Waste water engineering researchers from UWA have emphasised the importance of only flushing toilet paper down the toilet, instead of using alternatives such as tissues, which could compromise WA’s sewerage infrastructure.

Professor Anas Ghadouani from UWA’s School of Engineering and Oceans Institute said in the middle of the COVID-19 crisis, some people were struggling to find toilet paper and were considering other options.

"This is leading to people trying alternatives from shops such as tissues, paper towels, serviettes and baby wipes,” he said.

“It’s really important that people only flush toilet paper down the toilet and not the alternatives.

“Paper towels are made to be thicker and more hardy, that’s what you want in a paper towel as you don’t want them to break down, so if used they can block the sewerage system.”

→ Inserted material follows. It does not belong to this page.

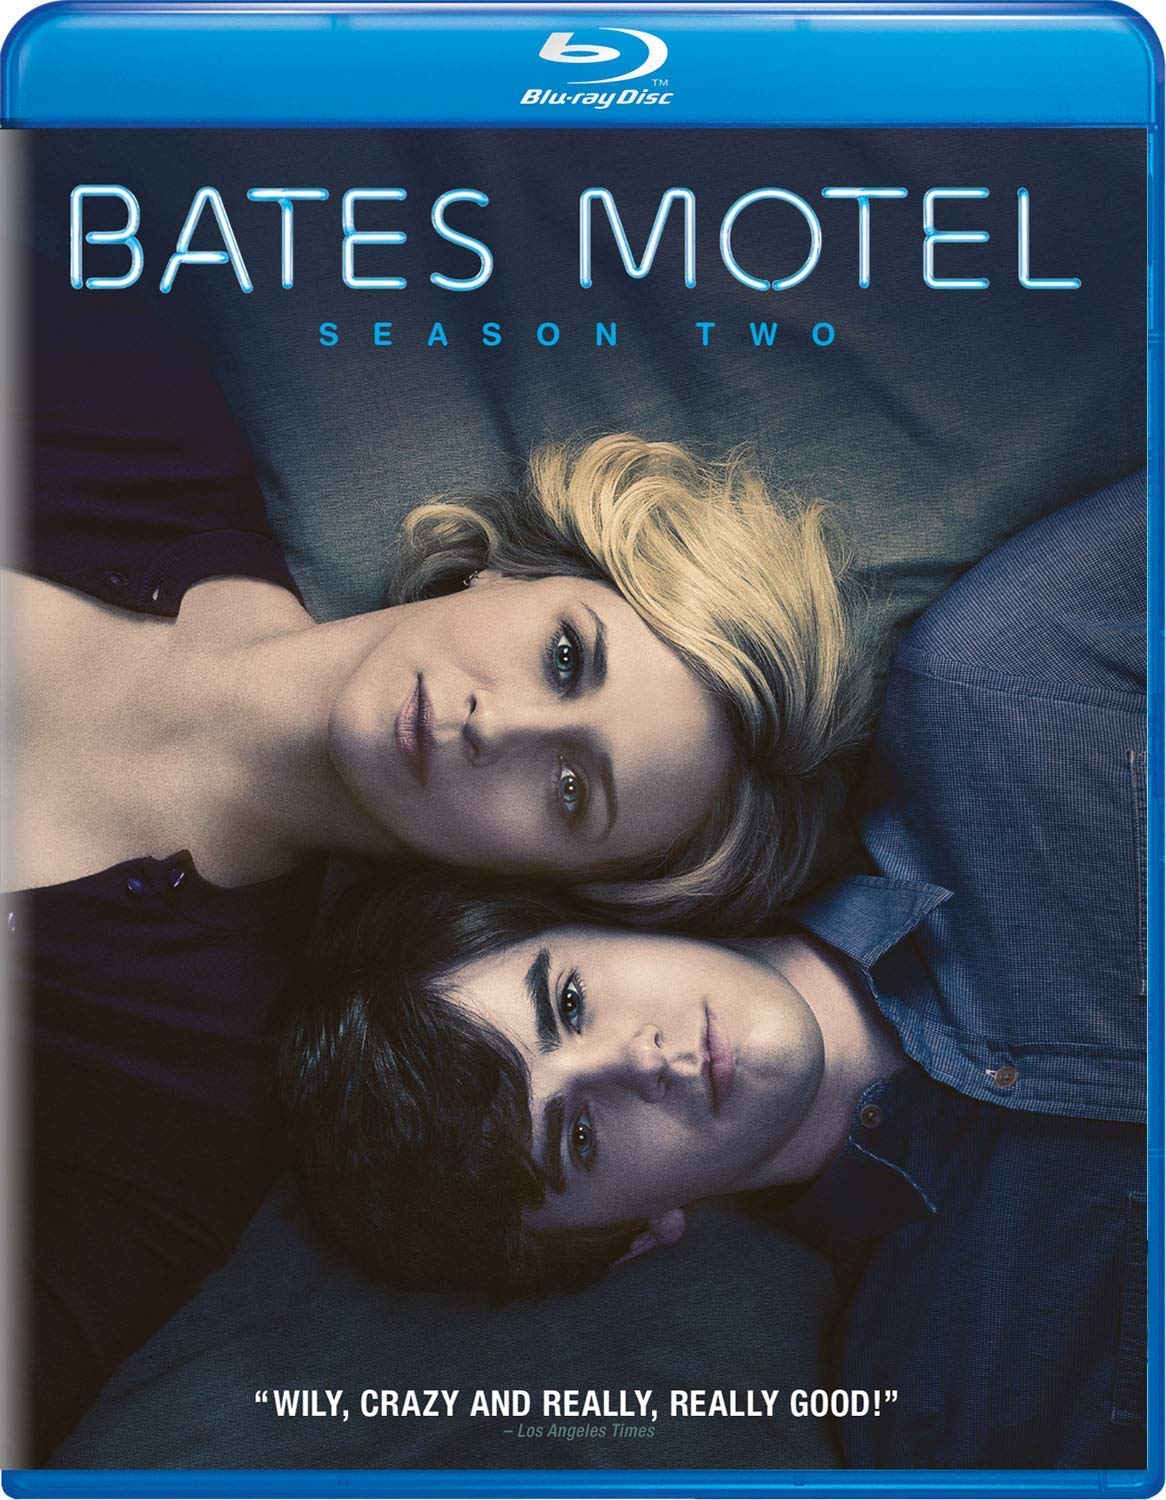 Bates Motel Season 2 Complete Download

Professor Ghadouani said tissues, on the other hand, were a big problem because they were very light and floated so they would also compromise the underground pumping system.

“It is well known that baby wipes block up pipes more than anything else,” he said.

Professor Ghadouani said because of the way the sewer system was set up, after waste was flushed, it went to the sewerage via a pipe angled down to allow flow with gravity, so if there was a blockage, the waste content would then rise back up to the toilet.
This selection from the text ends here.